The same is true with human engineers - isn't this just what engineering is?
>This is an assertion that is impossible to prove or disprove.

This is a joke right? There are complex systems that exist today that are built exclusively via AI. Is that not obvious?

The existence of such complex systems IS proof. I don't understand how people walk around claiming there's no proof? Really?

The assertion was "if you really know how to prompt, give feedback, do small corrections and fix LLM errors, then everything works fine".

It is impossible to prove or disprove because if everything DOES NOT work fine you can always say that the prompts were bad, the agent was not configured correctly, the model was old, etc. And if it DOES work, then all of the previous was done correctly, but without any decent definition of what correct means.

>And if it DOES work, then all of the previous was done correctly, but without any decent definition of what correct means.

If a program works, it means it's correct. If we know it's correct, it means we have a definition of what correct means otherwise how can we classify anything as "correct" or "incorrect". Then we can look at the prompts and see what was done in those prompts and those would be a "correct" way of prompting the LLM.

You don’t know it works. That you so glibly speak about products working is proof that your engineering judgment is impaired. You can’t infer the exact contents of a black box merely by looking at outside behavior.

The fundamental fallacy you are exhibiting here is similar to saying that rolling a six sided die and getting a “6” means that you will always get a 6 any time you roll it. And that if you get a 6 and wanted a 6, you must have therefore rolled those dice “correctly” and had you not gotten a 6 that would have meant you rolled them “wrong.”

You know that is not true.

>You don’t know it works. That you so glibly speak about products working is proof that your engineering judgment is impaired. You can’t infer the exact contents of a black box merely by looking at outside behavior.

I don't know the exact internals of a car. But I can infer my car works by driving it.

>The fundamental fallacy you are exhibiting here is similar to saying that rolling a six sided die and getting a “6” means that you will always get a 6 any time you roll it. And that if you get a 6 and wanted a 6, you must have therefore rolled those dice “correctly” and had you not gotten a 6 that would have meant you rolled them “wrong.”

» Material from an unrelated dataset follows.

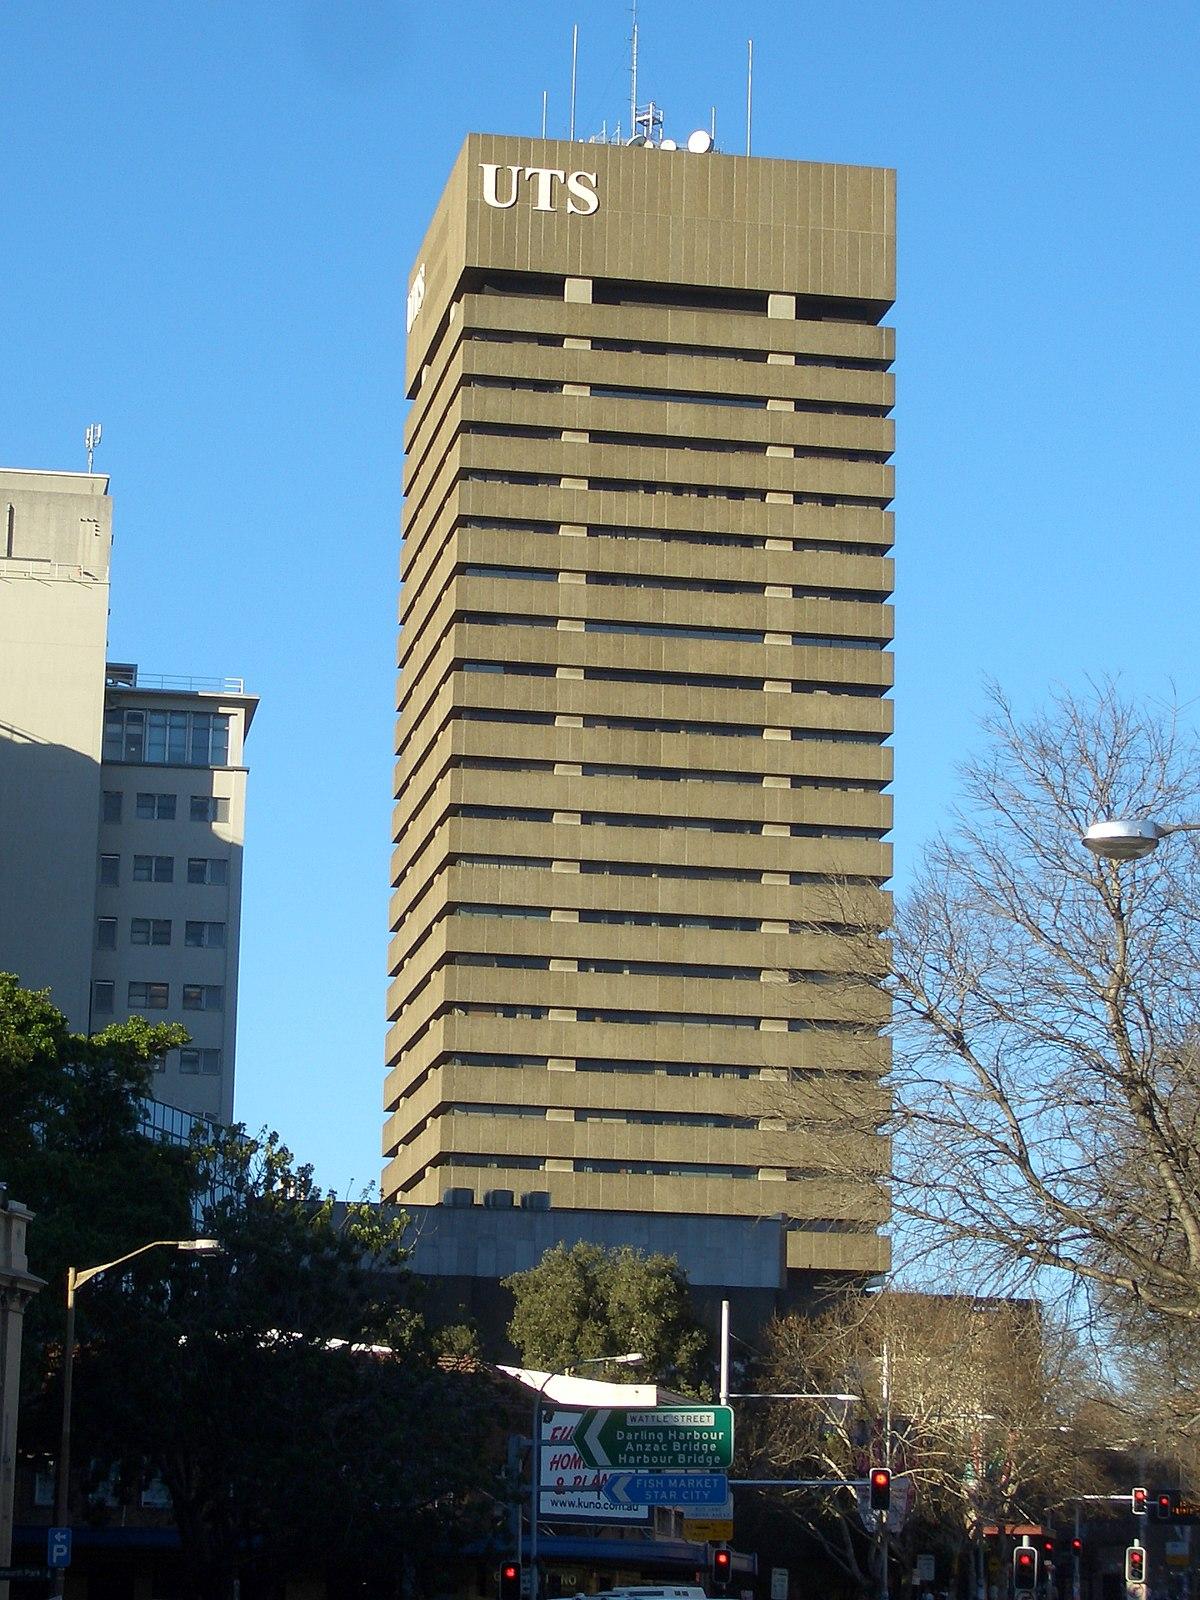 University Of Technology Sydney Wikidata

Bro we rolled that dice MULTIPLE times. It's not a one time thing. And the "rolling" of the die is done with a CHAIN of MULTIPLE qureries strung together. This is not one roll. It's multitudes of data points. Yes results can be inconsistent from a technical standpoint, but the general result converges on a singular trend.

We know that much is true: a statistic and that is at most all we can say about reality as we know it as science formalized can only give a statistic as an answer.

"I don't know the exact internals of a car. But I can infer my car works by driving it."

No, you can't infer that it "works." Only that it CAN work. The car may be poisoning you with carbon monoxide. Your rear brakes may have become disconnected (happened to me). The antilock braking system may have a faulty sensor that only fails at very low speed, leading to them engaging when making a normal stop, but also preventing the mechanic from seeing the problem, because he didn't listen to your bug report and instead tried to repro the effect with high speed panic stops (also happened to me).

If I use a product and have a good experience, I can conclude that SOMETHING must be going well, but not that EVERYTHING is going well.

This is reasoning about evidence 101.